Today I went for an ultrasound, I have been wanting so badly to SEE the baby again. I've still been going to the doctor every week to hear the heartbeat and I've started to feel some little movements but there's nothing as reassuring as seeing your little baby moving around inside, seeing their hands and legs, watching that heart flicker....ahhhhhh, it was wonderful!
What was really cool was that Brian, all the kids, and my mom got to come too. The kids thought it was really neat seeing their baby brother kicking on the big screen....that's right, I said BROTHER. There were cheers around the room when the ultrasound tech announced "IT'S A BOY!!!!!"
We went shopping afterward and I let them pick out a few things for him. I love how they are so excited!
It's hard to even explain how relieved I am to see the baby looking so good. This pregnancy has been an emotional and sometimes hard, scary road so far for me and I am not even half way though. But I do feel like the hardest part is behind me.

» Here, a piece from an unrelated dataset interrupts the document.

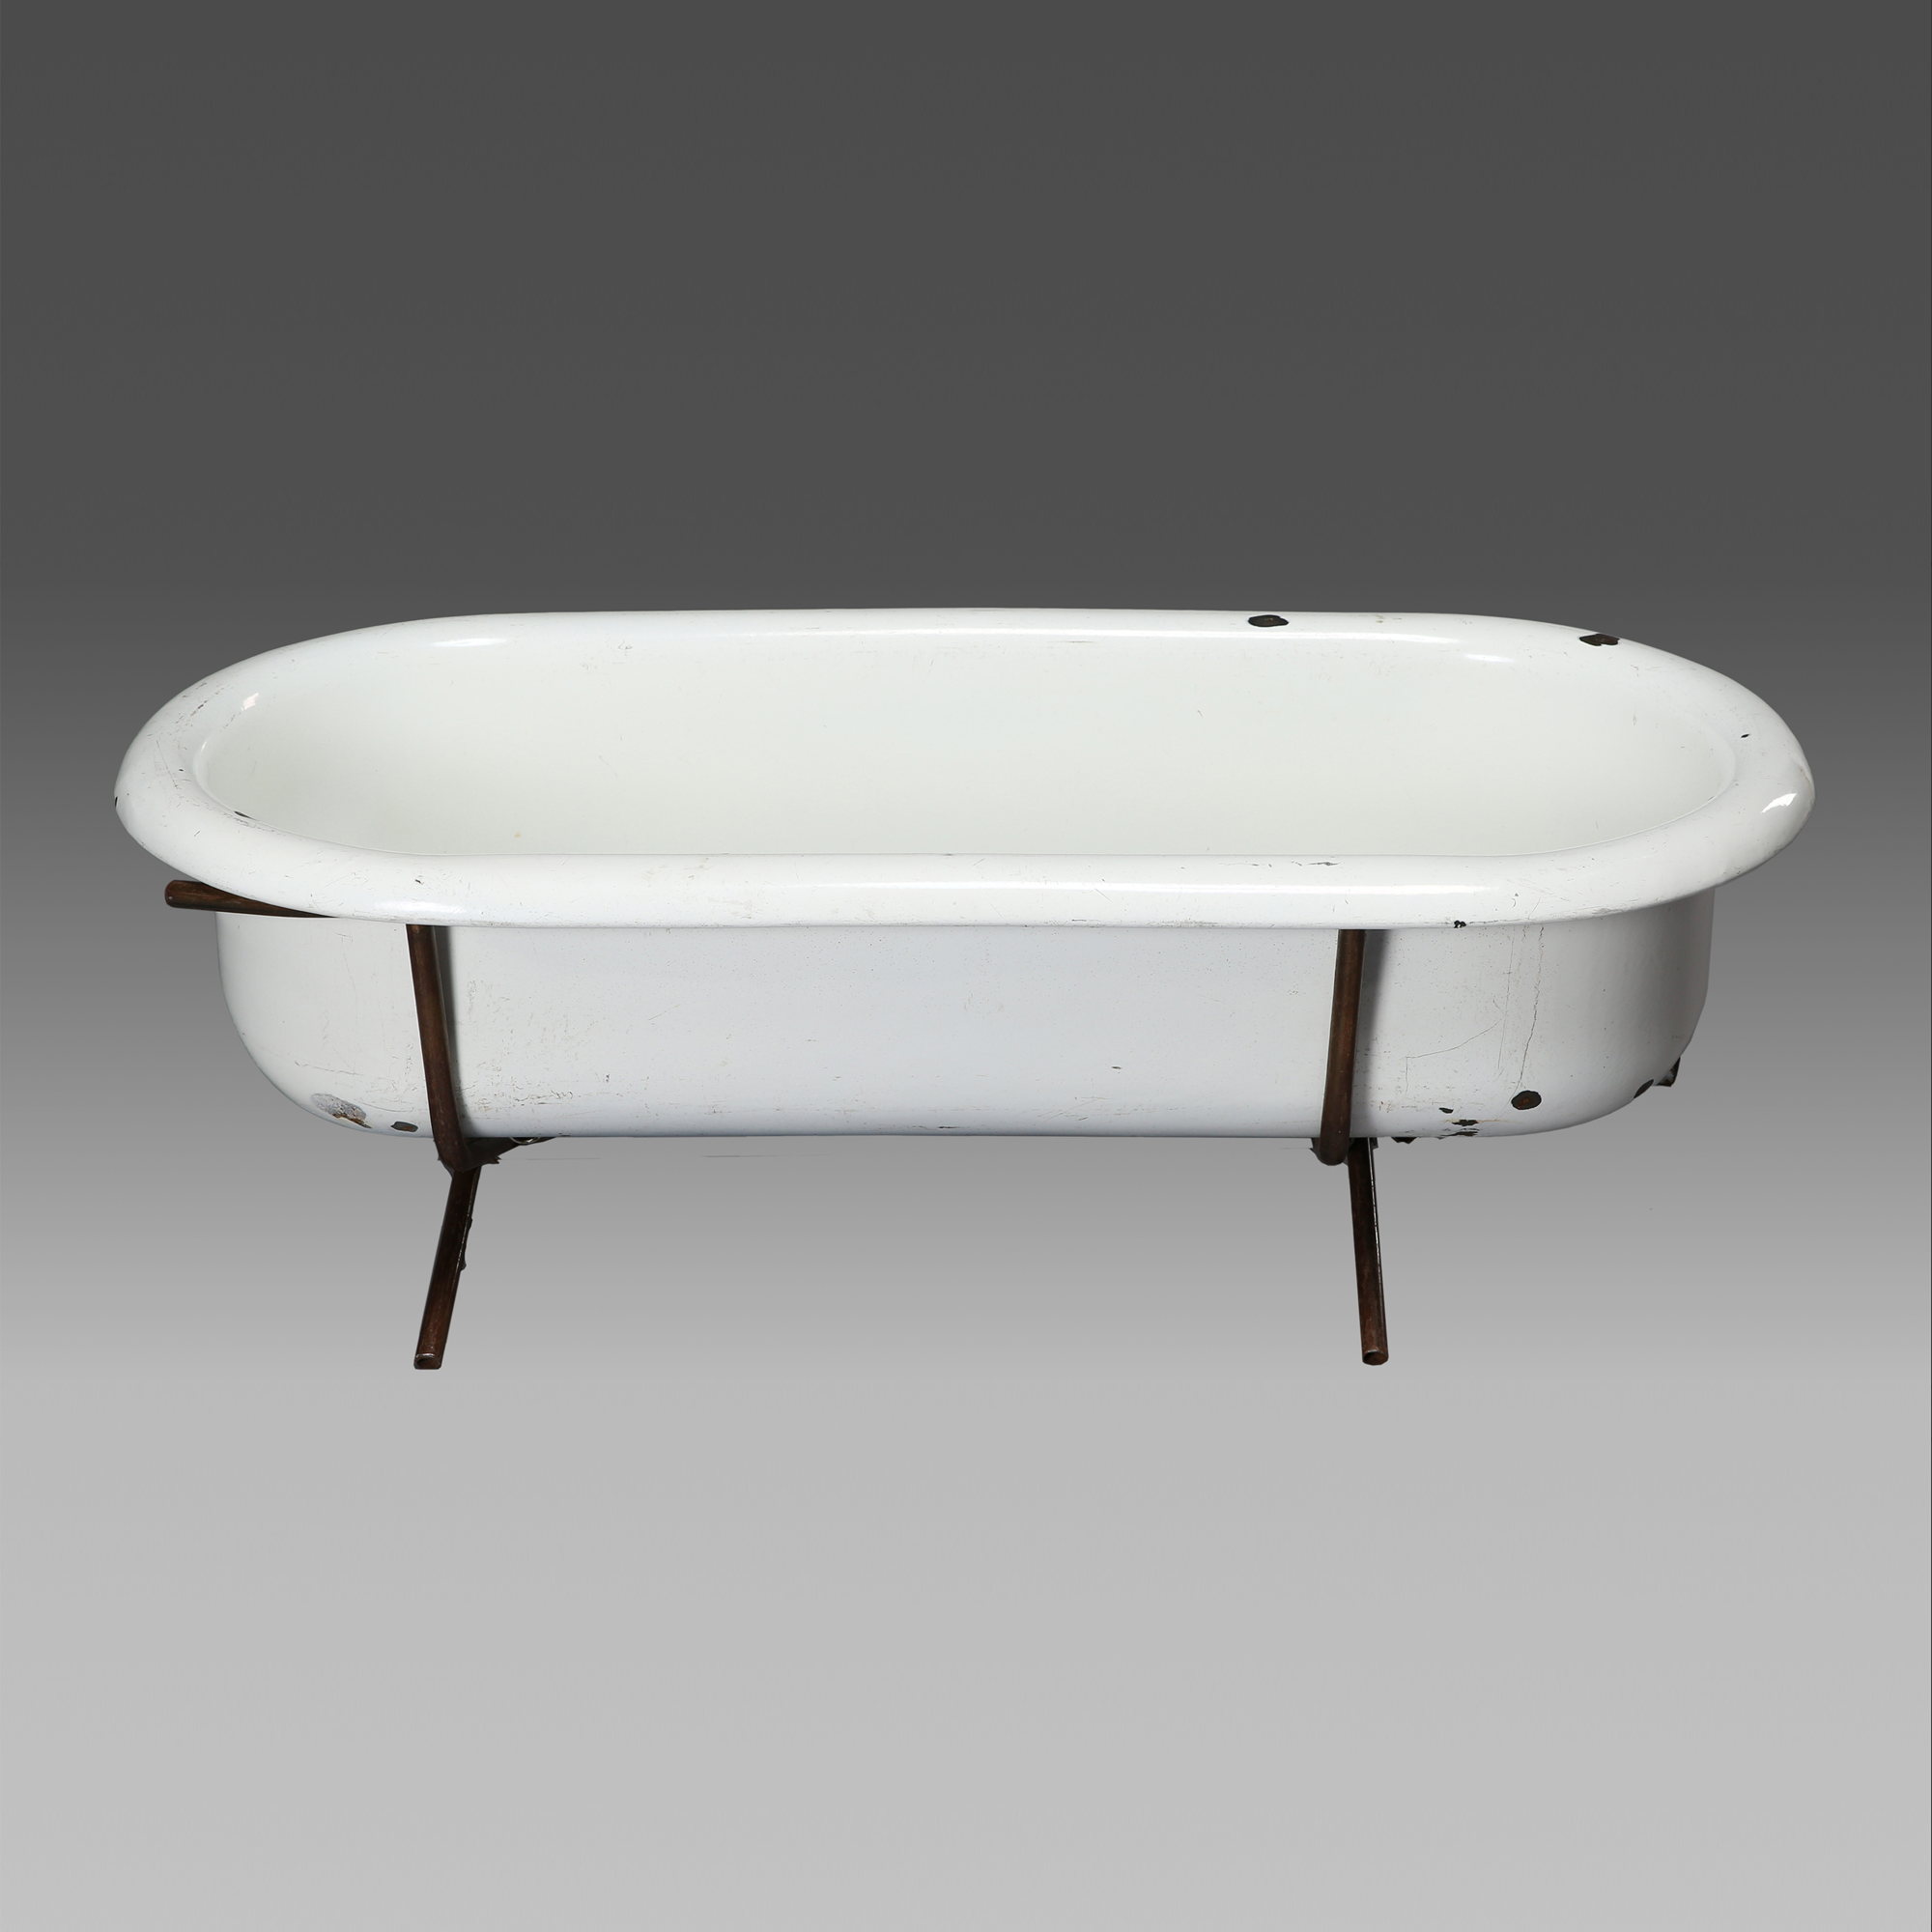 Bath Table - White
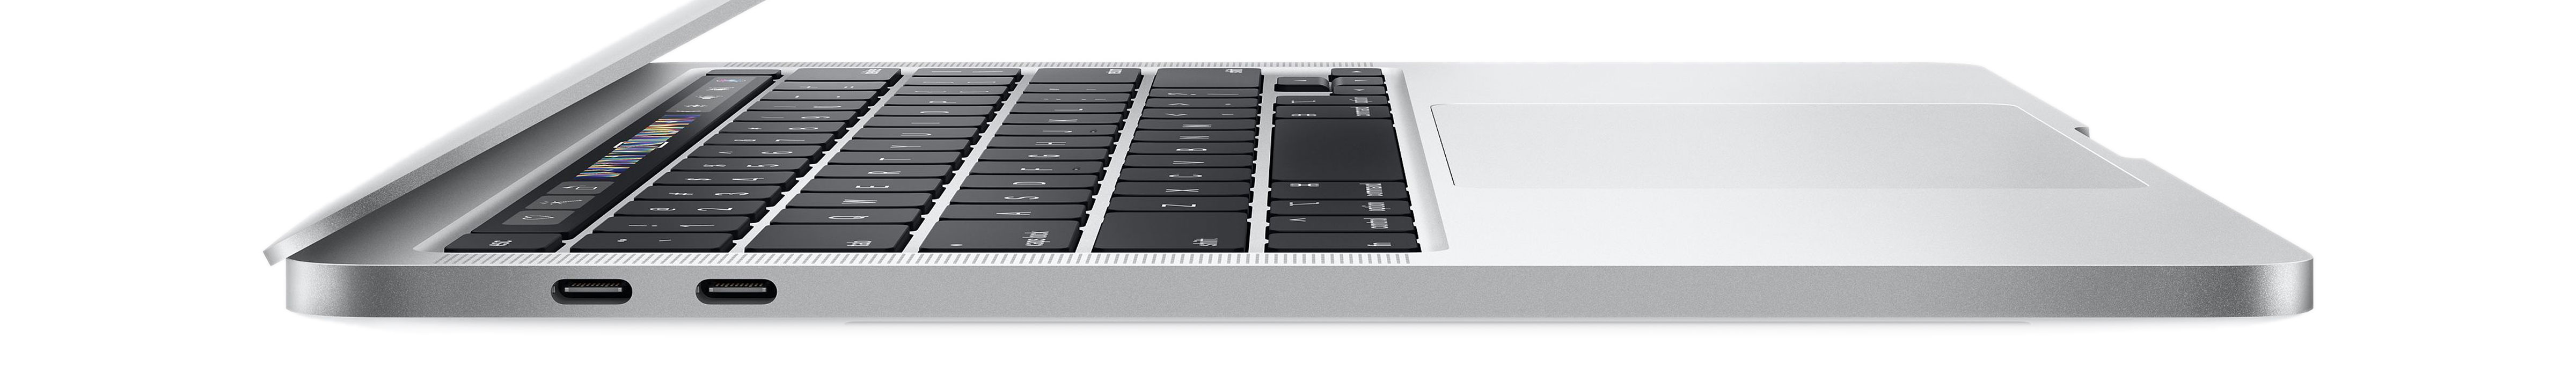 MacBook Pro 16-inch - inruilen

Making it passed the point of loss in the last pregnancy is a HUGE deal for me, pregnancy after loss is not easy!! It's easy to say "just have faith"and "just trust God" but it's harder to put that into practice ALL the time, especially when the anxiety, worry, and fears can all of a sudden be consuming at times. I don't know if everyone realizes just how traumatic an experience of having a second trimester loss is, I've been pretty open about it, and for the most part I think people can see how awful it was.....But no one else is in my head, they don't see those images I have of delivering a baby that has died, they don't carry with them the moment I was told "I'm sorry, there's no heartbeat"...those memories don't go away and unfortunately it can make the next pregnancy very scary.
Mostly, I have felt God's comfort in this and I certainly feel the prayers surrounding me, but I'd be lying if I said I've had total faith and trusted completely 100% of the time in this pregnancy. I have shed many tears in my fears, but each time I got to that low point I just prayed harder and reminded myself to give it to God, He's got this is what I had to tell myself many many times.
I am so thankful to be sitting here typing this feeling little kicks within from my son, my rainbow baby...this little one is so precious to me. Every one of my babies were wanted, loved from the beginning and celebrated but after all the pain of loss and then the waiting and praying to get pregnant again there is something just so special about this baby...I have a feeling we are all going to spoil this baby just a little bit extra!